When verification succeeds at the VERIFIED confidence level, the system composes provenance indicators onto the image before forwarding it to the target application. This is where the specification gets creative about surviving the platform's metadata-stripping pipeline.

Three indicator types are defined, each targeting a different survival mechanism.

The VisualMark is a small semi-transparent icon overlaid in the corner of the image. It is 48×48 density-independent pixels, positioned by default in the bottom-right corner with 8dp margins, rendered at 85% opacity over a 60%-opacity black background with 8dp corner radius. The icon style is constrained to neutral informational symbols: an info circle, a link/chain icon, a document icon, or a tag/label icon. Checkmarks, green checks, shields, and stars are explicitly prohibited because they imply verification, approval, security guarantees, or endorsement — all of which contradict the "Provenance ≠ Truth" principle.

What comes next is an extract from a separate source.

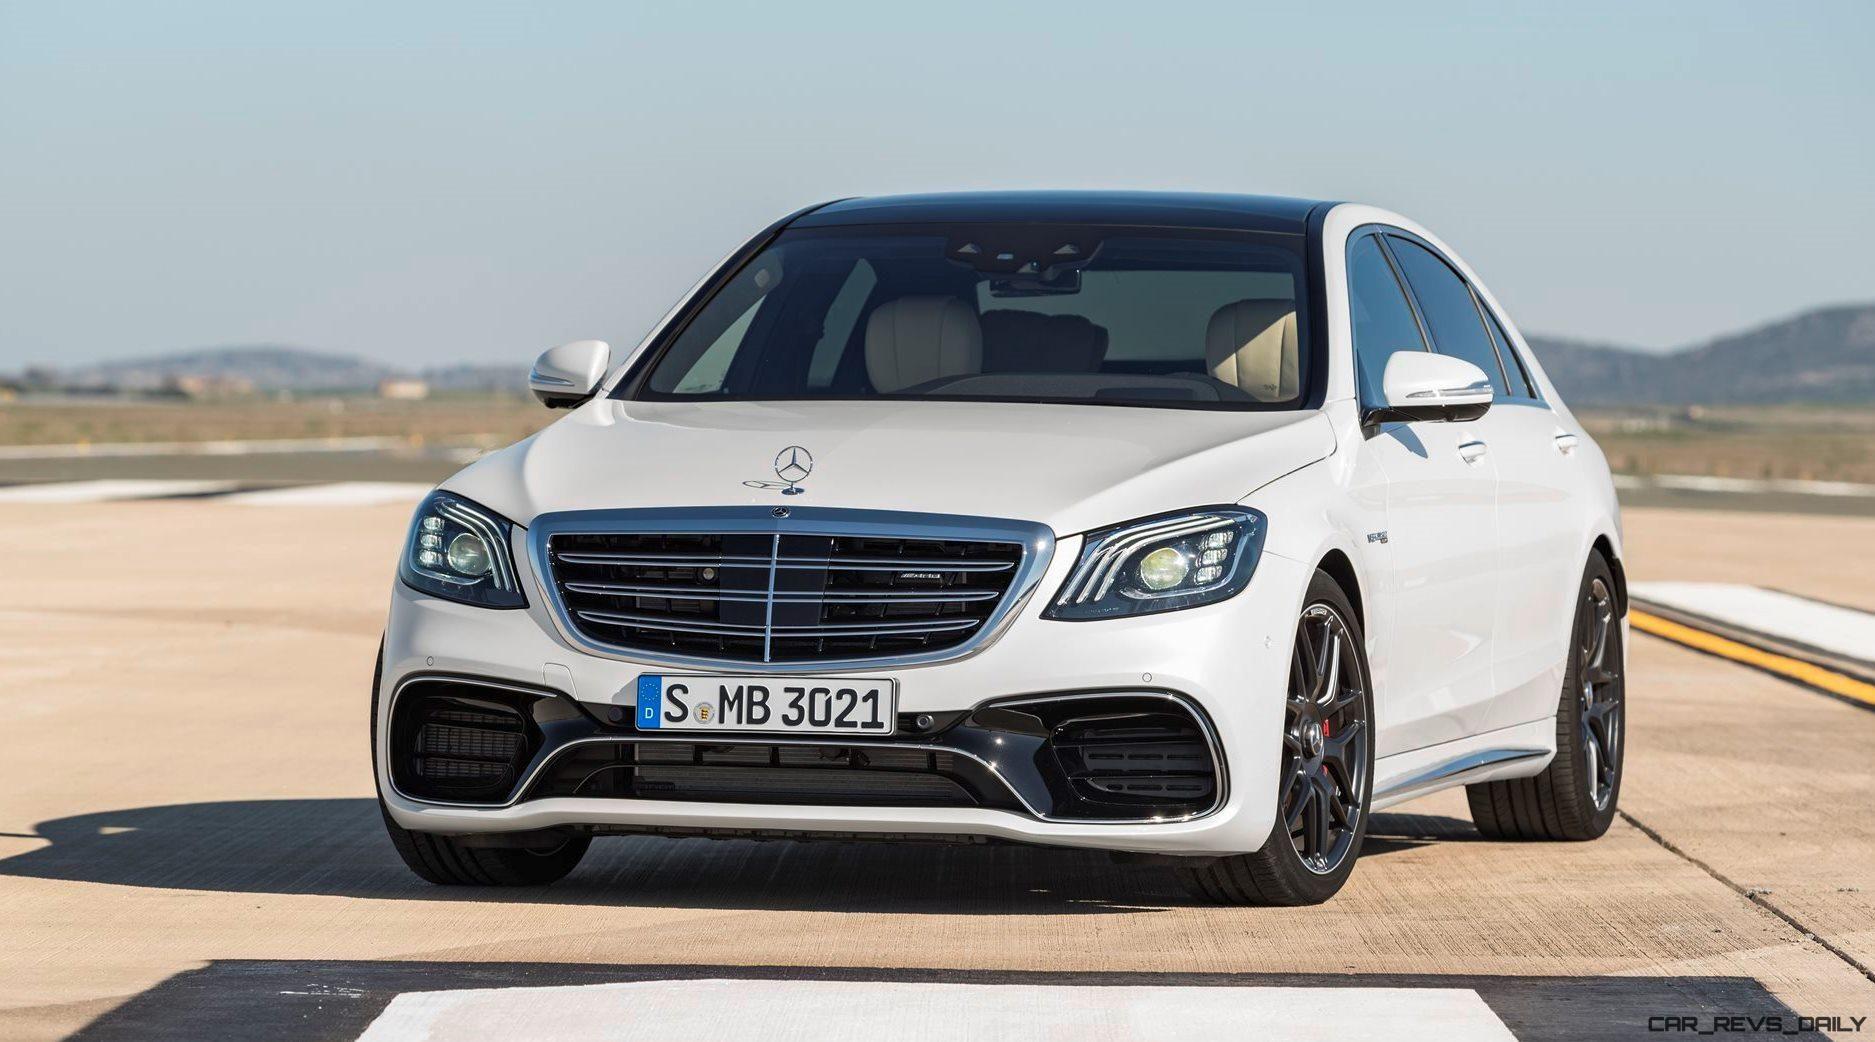 3 4s 186mph 2018 Mercedes Amg S63 Scores Full Drivetrain Makeover Car Shopping Car Revs Daily Com New Mercedes Amg Mercedes S Class Coupe Benz S Class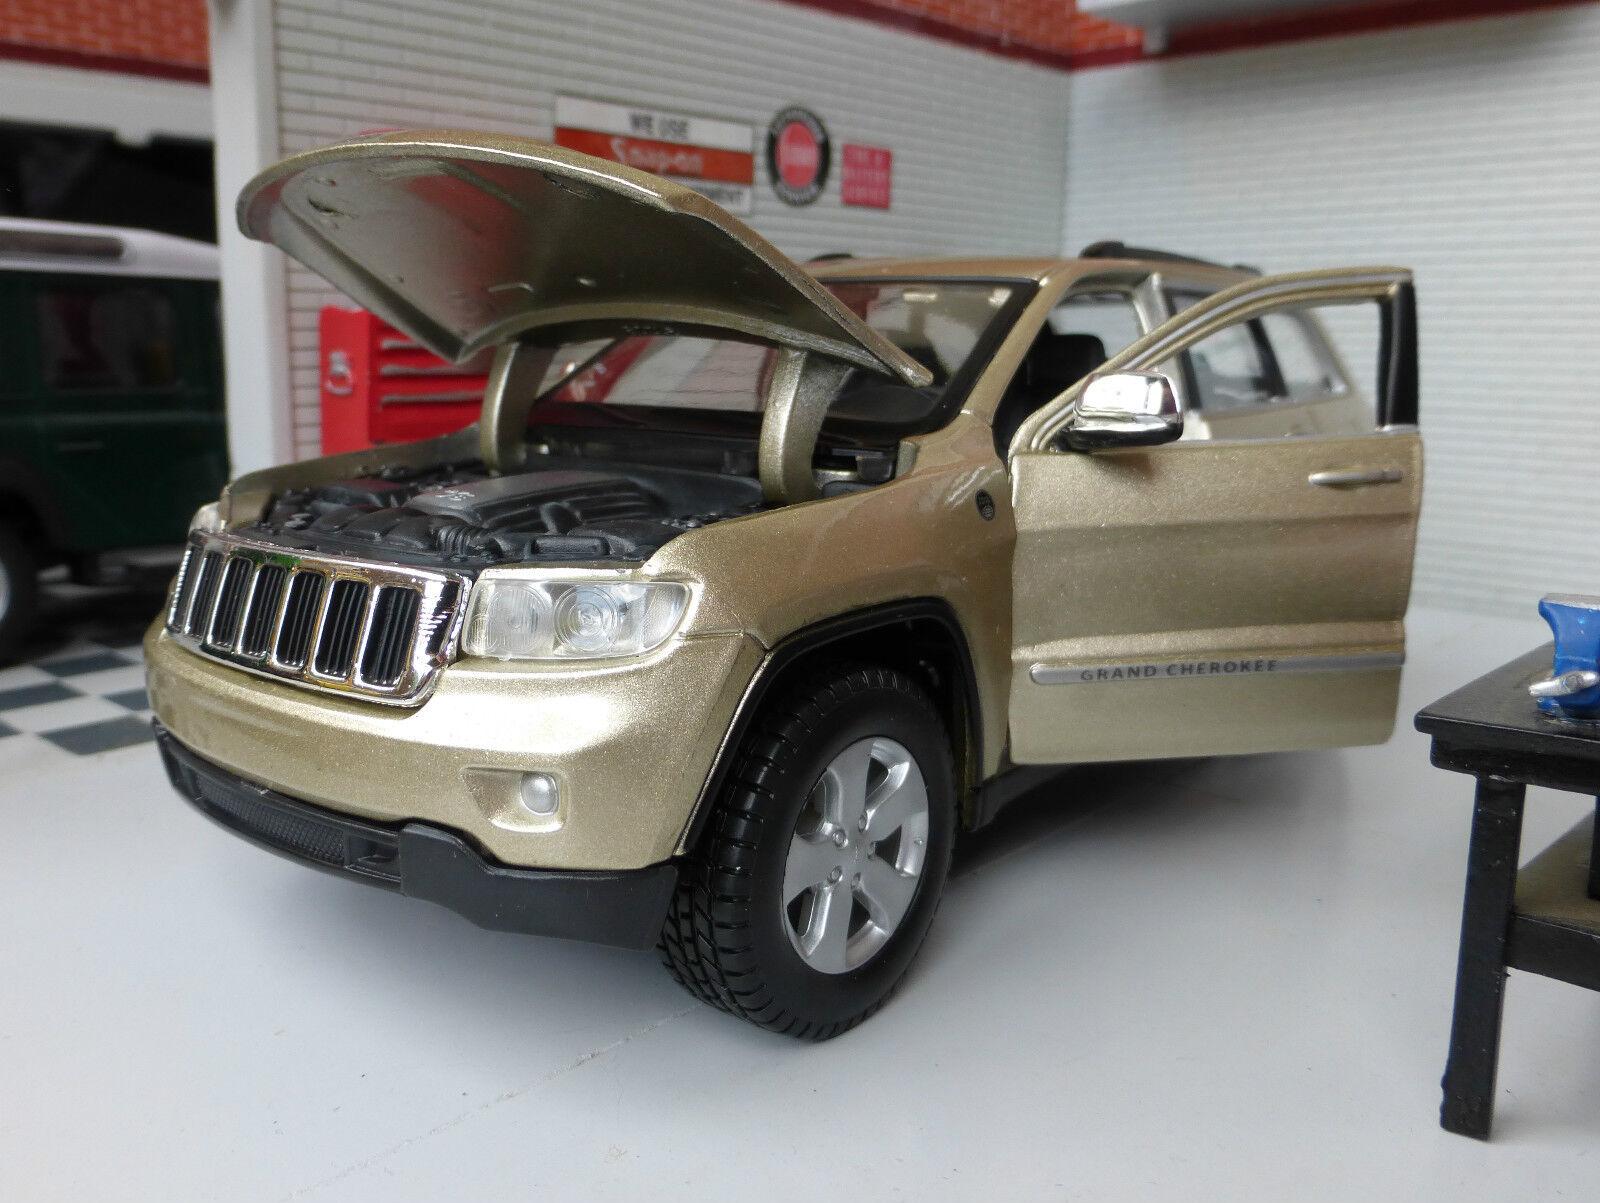 1 24 Scale gold Jeep Grand Cherokee Laredo V8 4x4 Detailed Diecast Maisto Model

The critical insight about the VisualMark is that once it is composited into the image, it becomes pixels. It is not an overlay, not a DOM element, not an annotation layer. It is part of the image data. When the social media platform re-encodes the image, the VisualMark survives as part of the pixel content. It cannot be tapped or interacted with on the social media platform — the specification is explicit about this: "VisualMark is a purely visual, non-interactive element once composited into the image." But it is visible. A viewer who sees the mark knows to look for more information.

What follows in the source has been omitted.